These days it’s fine to fake it.
OK, not if you’re an athlete on steroids, an author who fudged facts or a dean at a university who falsified a resume.
But women happily admit to getting their eyes done and wrinkles removed to look younger than their years, something they might have tried to hide just a few years ago.
Conversely, new furniture is beaten with chains and otherwise distressed to create an instant antique look that is as popular as the real thing. No one is shocked to discover that you didn’t find that sideboard in Grandma’s attic.
Technology has made it easier than ever to fake it. With something as basic as call forwarding, you can answer your work phone from a park bench on a lovely spring afternoon. No one will be the wiser.
A new book has taken faking to the next level: “Faking It: How to Seem Like a Better Person Without Actually Improving Yourself,” by Amir Blumenfeld, Neel Shah and Ethan Trex. It’s meant to be funny; but while you’re laughing out loud, you might find it’s uncomfortably close to what people actually do.
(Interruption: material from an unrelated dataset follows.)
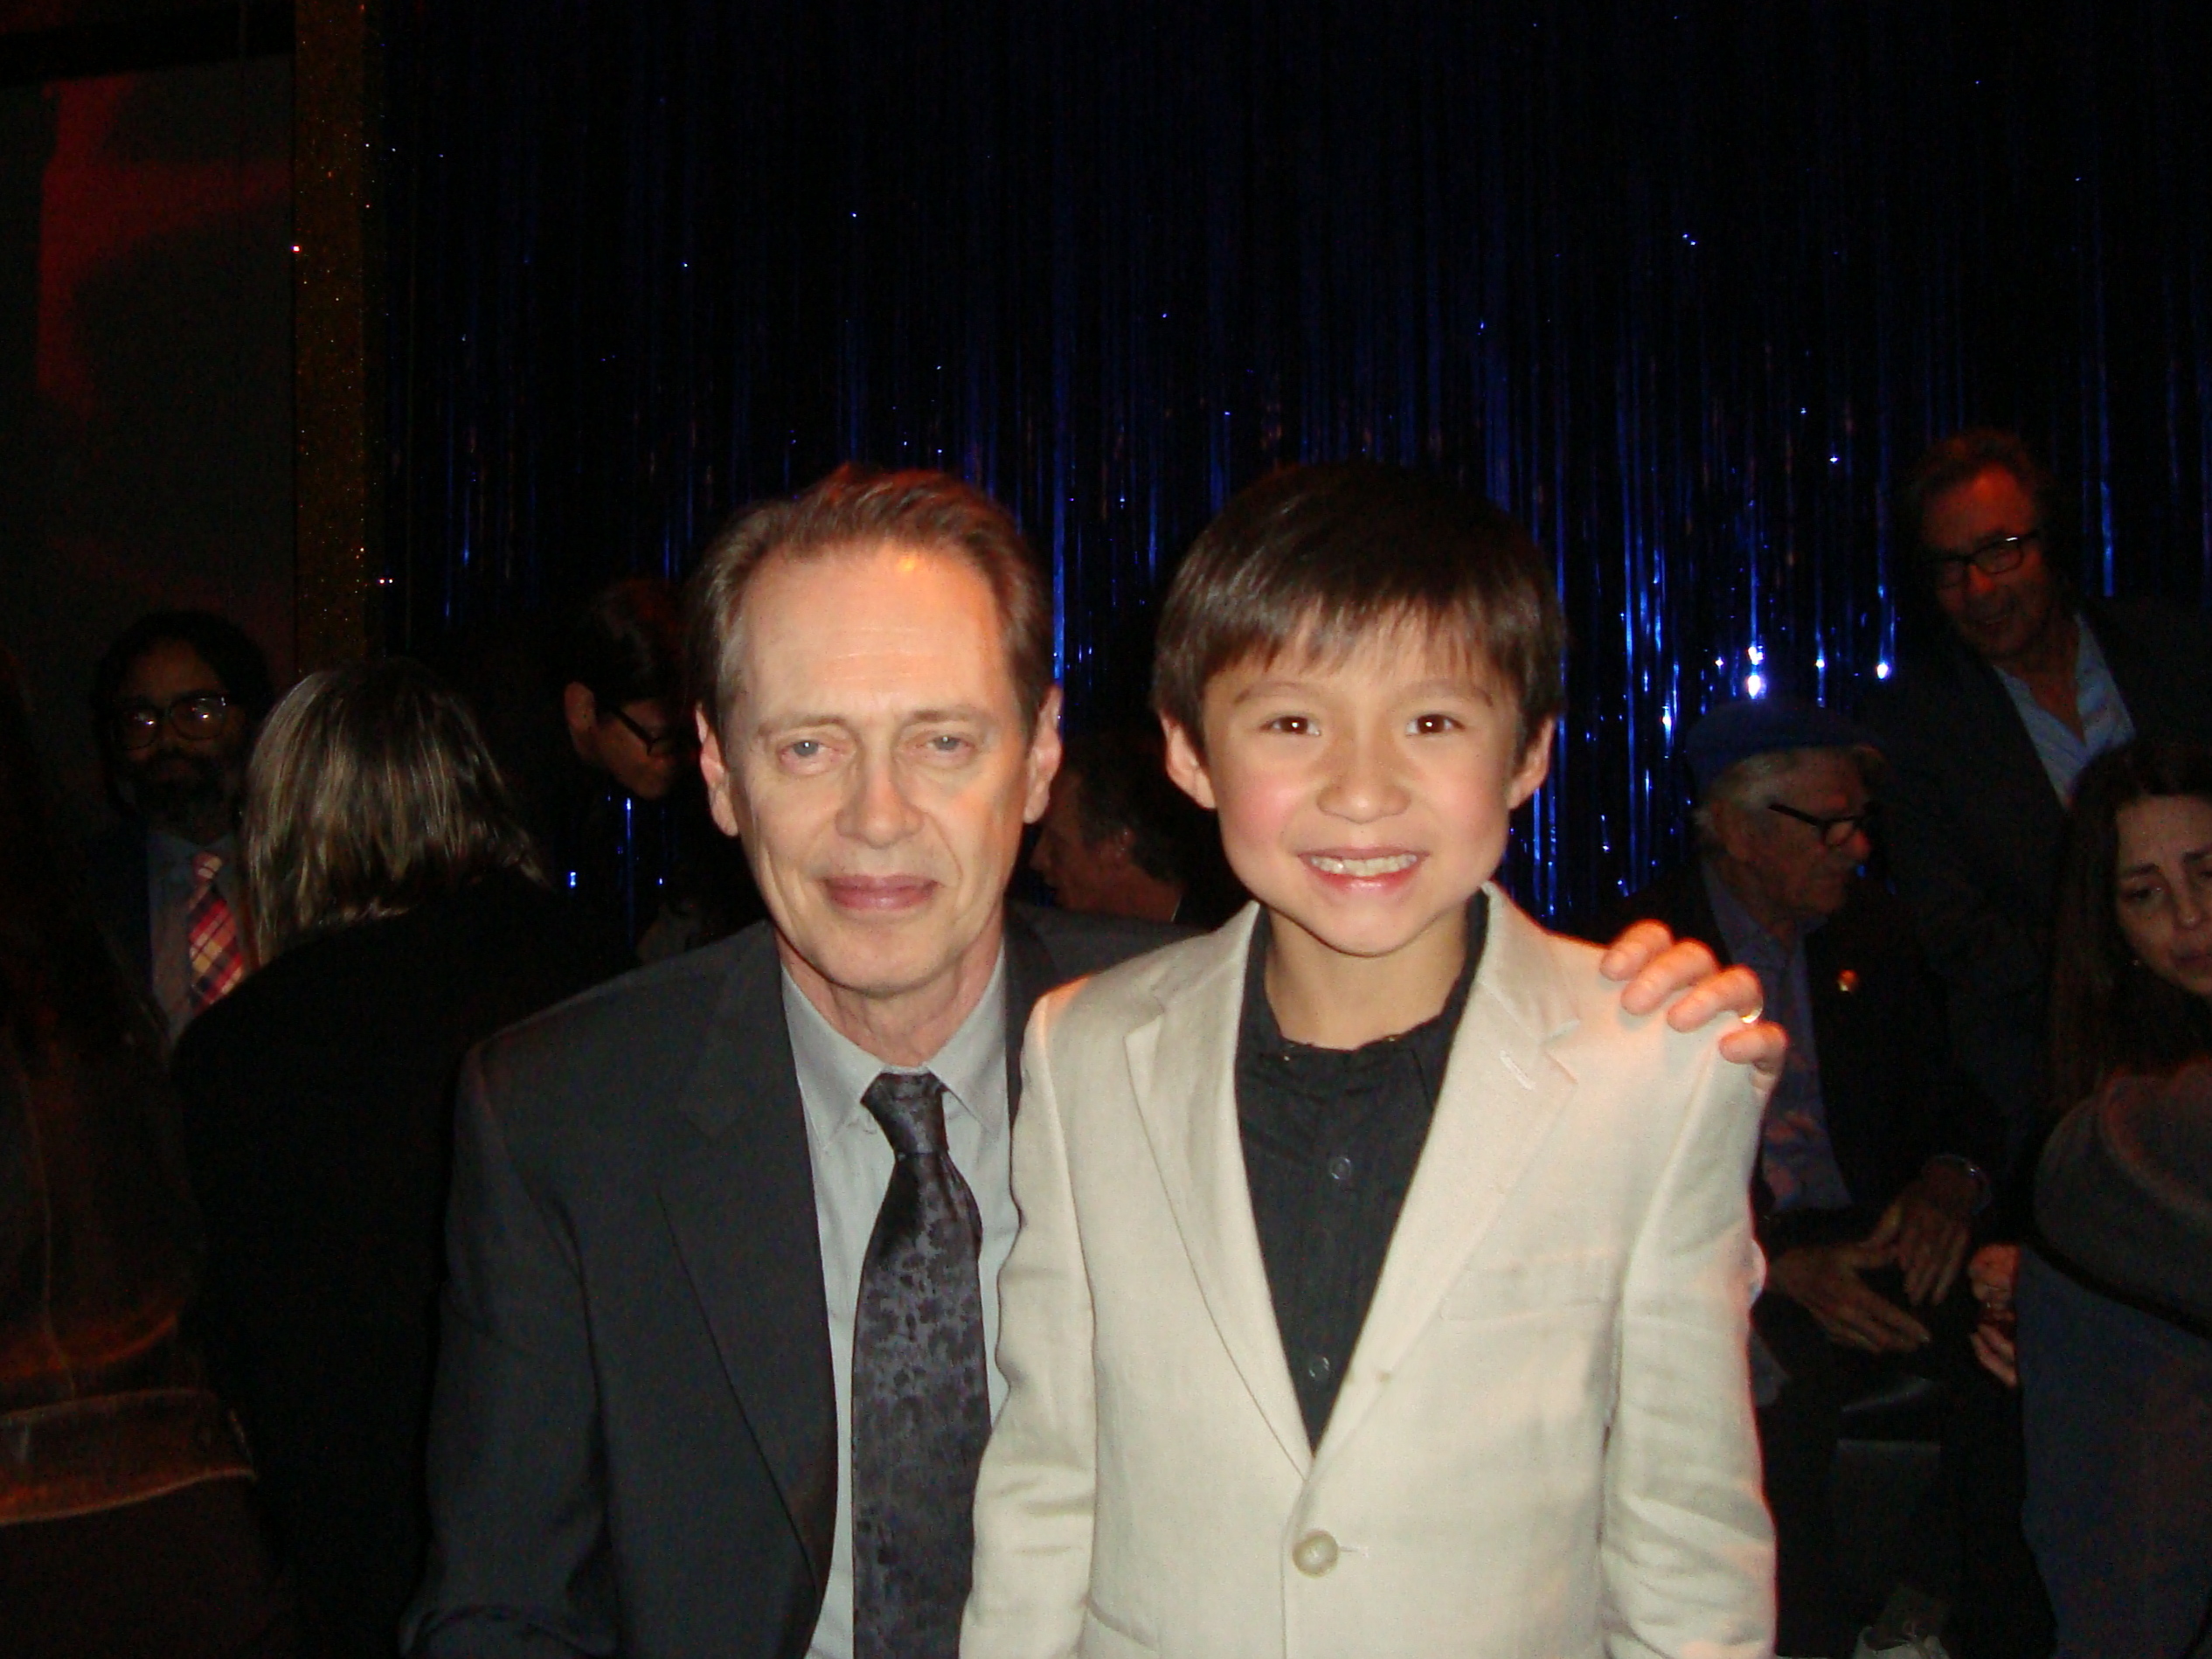 Steve Buscemi and Forrest Wheeler at The Incredible Burt Wonderstone Premiere Party 2013

“It’s one step over the top,” Trex said. “But the underlying logic is pretty applicable to most people’s lives.”
As the authors point out, it’s not who you are, it’s who other people think you are.
To his surprise, Trex, 24, found out that, “Everyone is very comfortable saying they do these things. It’s more common than people realize. In reality, our parents and friends say they do this stuff too. Especially the older ones in their late 50s.”
Let’s say, for instance, you know nothing about classical music. If someone asks who you think is the greatest composer of all time, the authors advise, answer either Bach or Mozart.
“Either choice is arguable and will hold you in good stead,” according to the book. “You can’t be effectively debated, and if someone tries, simply reply: ‘Mozart! (Or Bach)’. There’s nothing more to say!” (Another tip is “being dismissive to hide your ignorance.”)
How about telling your friends you’re planning to run the New York Marathon? The training happens when your friends are in bed, the runners are chosen by a lottery system, and most don’t get in. Just curse your bad luck when the time rolls around and say you weren’t chosen — but you can bask in the glory for months before then.
Trex doesn’t actually admit to having used any of the techniques himself, except that he has bought expensive brands of liquor and, when they’re empty, refilled them with the cheaper stuff.
“Nobody ever notices,” he said.
Don’t believe him?
Consider an article in The Wall Street Journal about office slackers who can manipulate their computer desktop from a hand-held. They open and close windows on the screen and move things around remotely. The boss passing by and seeing different screens might think they’re in the office but away from their desk.
Many people resort to some form of benign cheating. You probably don’t even think of it as faking it — from touching up your photo on MySpace to making a whole faux existence for yourself through Second Life, the online virtual world built and run by its residents.
How about re-gifting, so common now it even has a trendy name?
Some people consider pretending to agonize over the choice of a birthday present as just a little white lie. But recent research suggests that people are “fundamentally motivated to lie,” said Ty Tashiro, who teaches courses on interpersonal relationships at the University of Maryland, College Park.
“People are pretty effortless liars,” Tashiro said.
What’s different today with the Internet, instant messaging and texting is that we don’t have the pressure of facing other people.
“It’s easier to fake it,” Tashiro said.
For instance, the number of blonds and men with higher-than-average incomes on dating sites just doesn’t correlate with society as a whole, as the book “Freakonomics” points out.
Sometimes being OK with faking it slides over into something a little more disturbing. Take collegehumor.com’s recently released survey on cheating, which polled more than 30,000 students. More than half — 61 percent — admitted to some form of cheating, while only 16.5 percent felt bad about it.
Surprisingly, technology, which has made so much of today’s finest examples of faking it possible, didn’t play a huge part. The most popular form of cheating was looking over someone’s shoulder.